» Exercise aim: Set down each line of the data exactly, but not the pictures.

» Input data:
----------

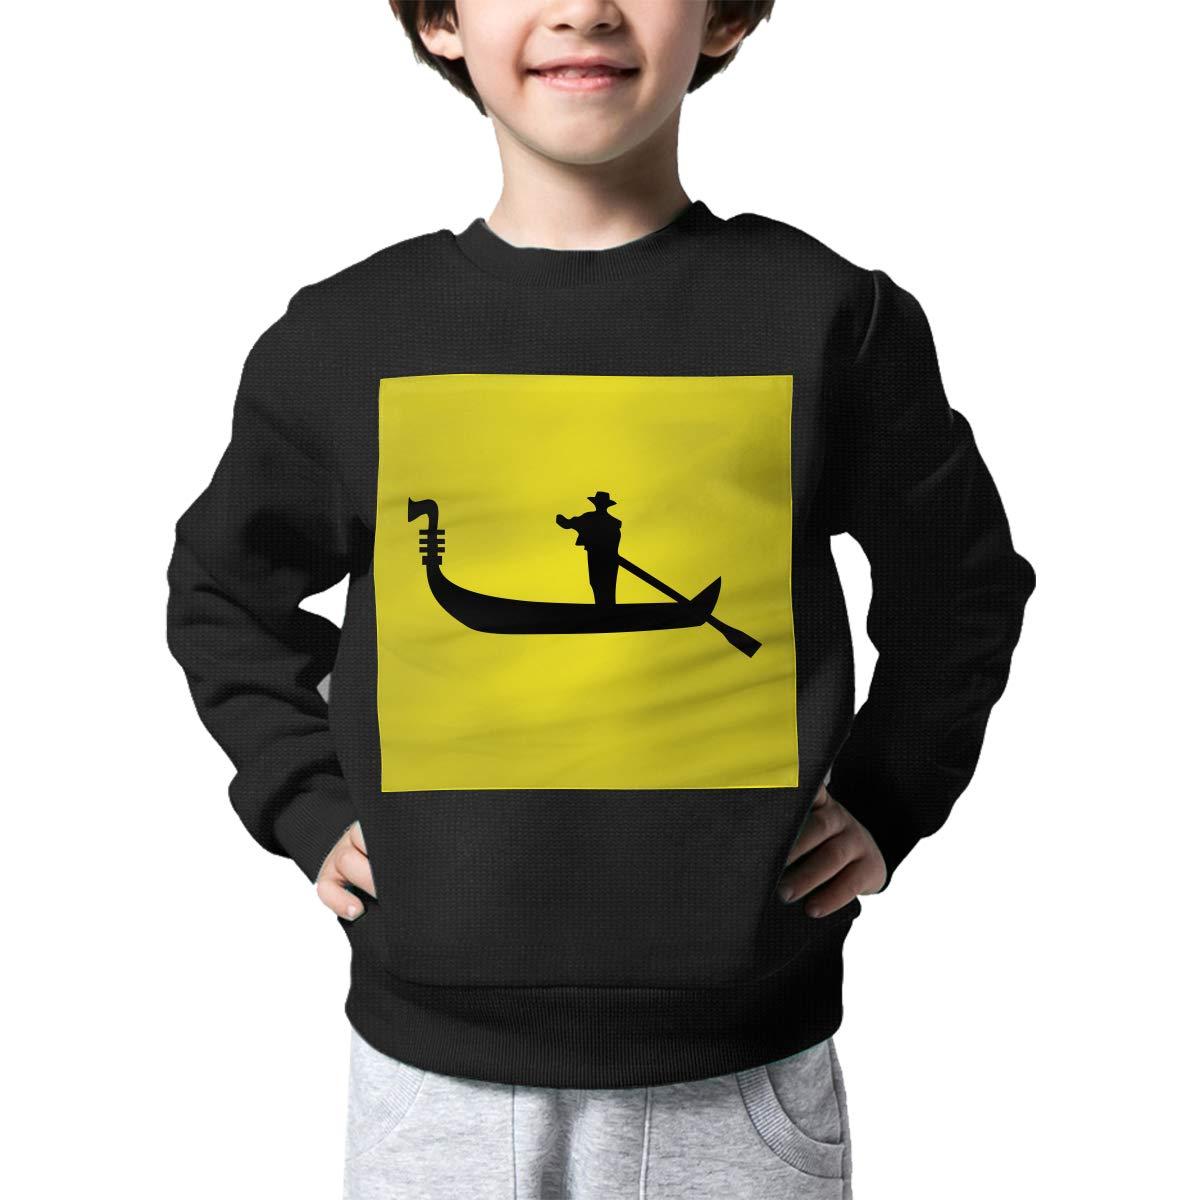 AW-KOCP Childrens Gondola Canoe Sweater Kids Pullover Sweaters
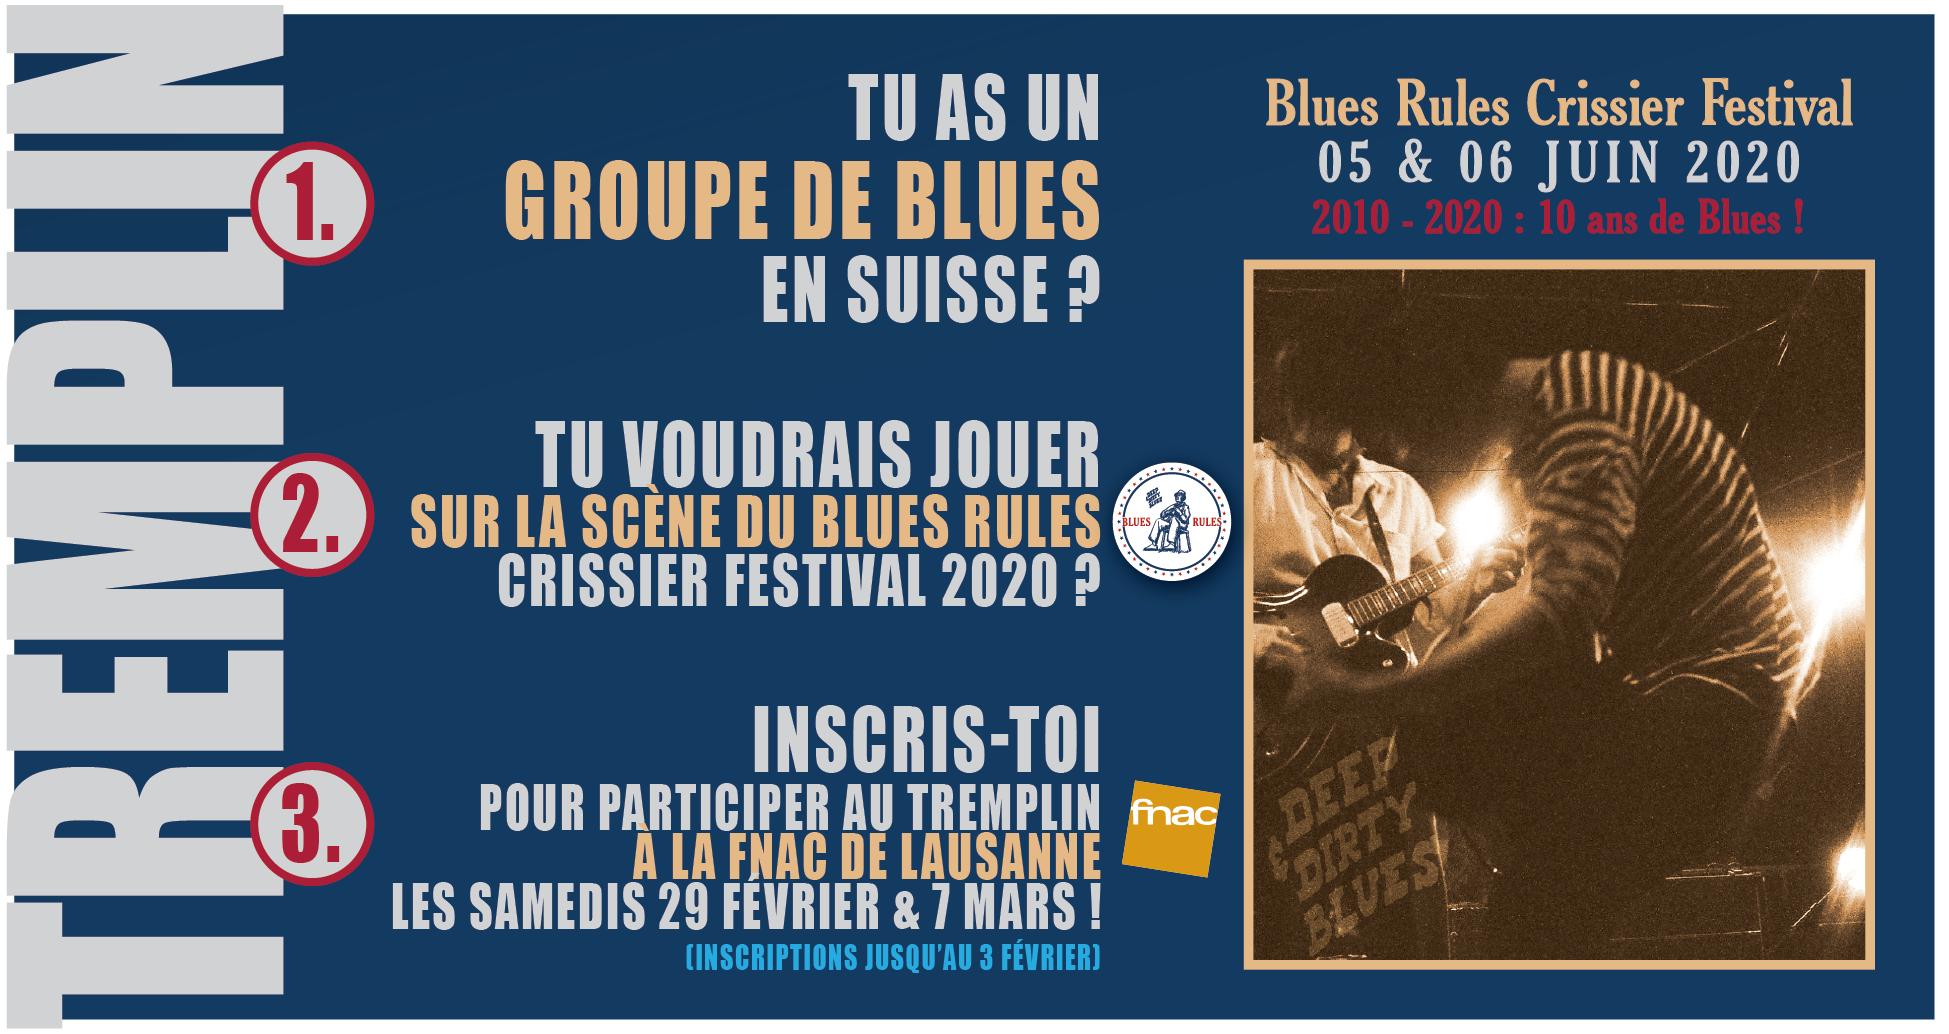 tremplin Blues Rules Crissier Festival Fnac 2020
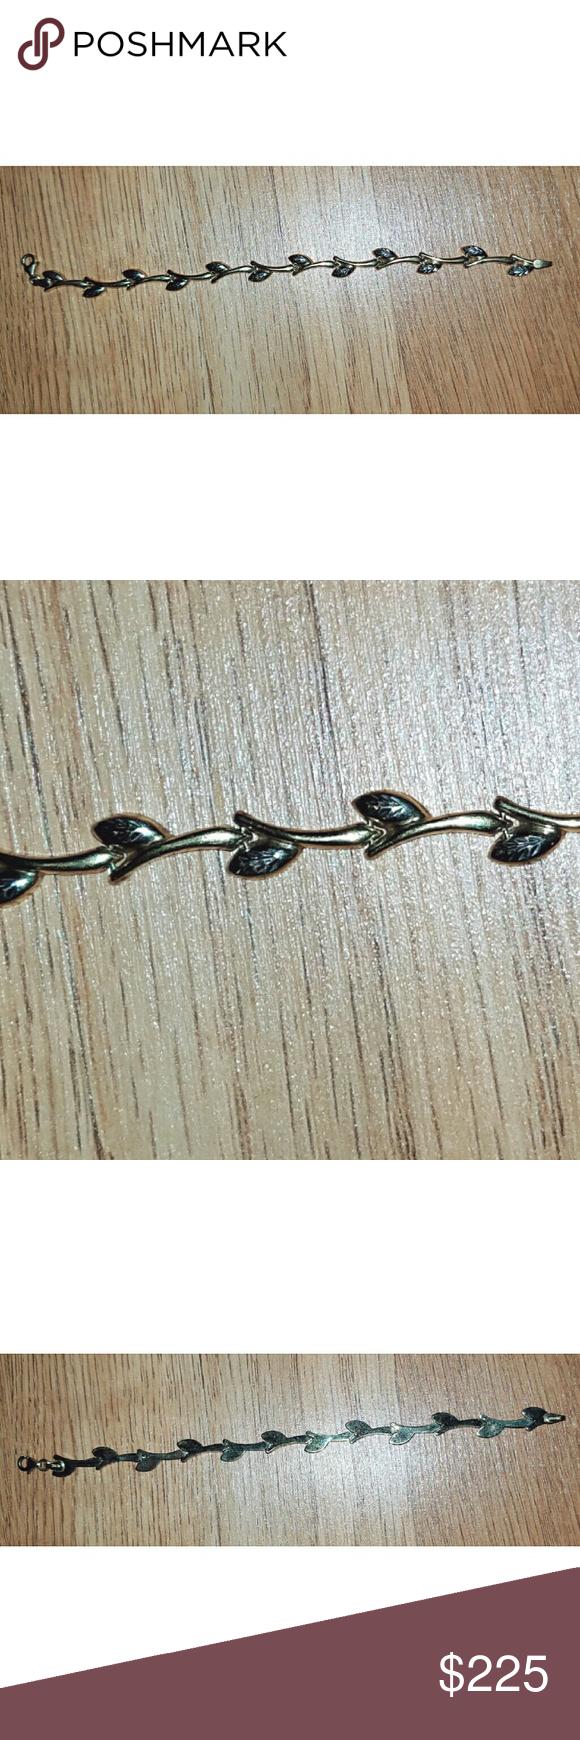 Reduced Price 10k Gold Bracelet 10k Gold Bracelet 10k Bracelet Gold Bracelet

----------

» Your solution:
 AW-KOCP Childrens Gondola Canoe Sweater Kids Pullover Sweaters
 tremplin Blues Rules Crissier Festival Fnac 2020
 Reduced Price 10k Gold Bracelet 10k Gold Bracelet 10k Bracelet Gold Bracelet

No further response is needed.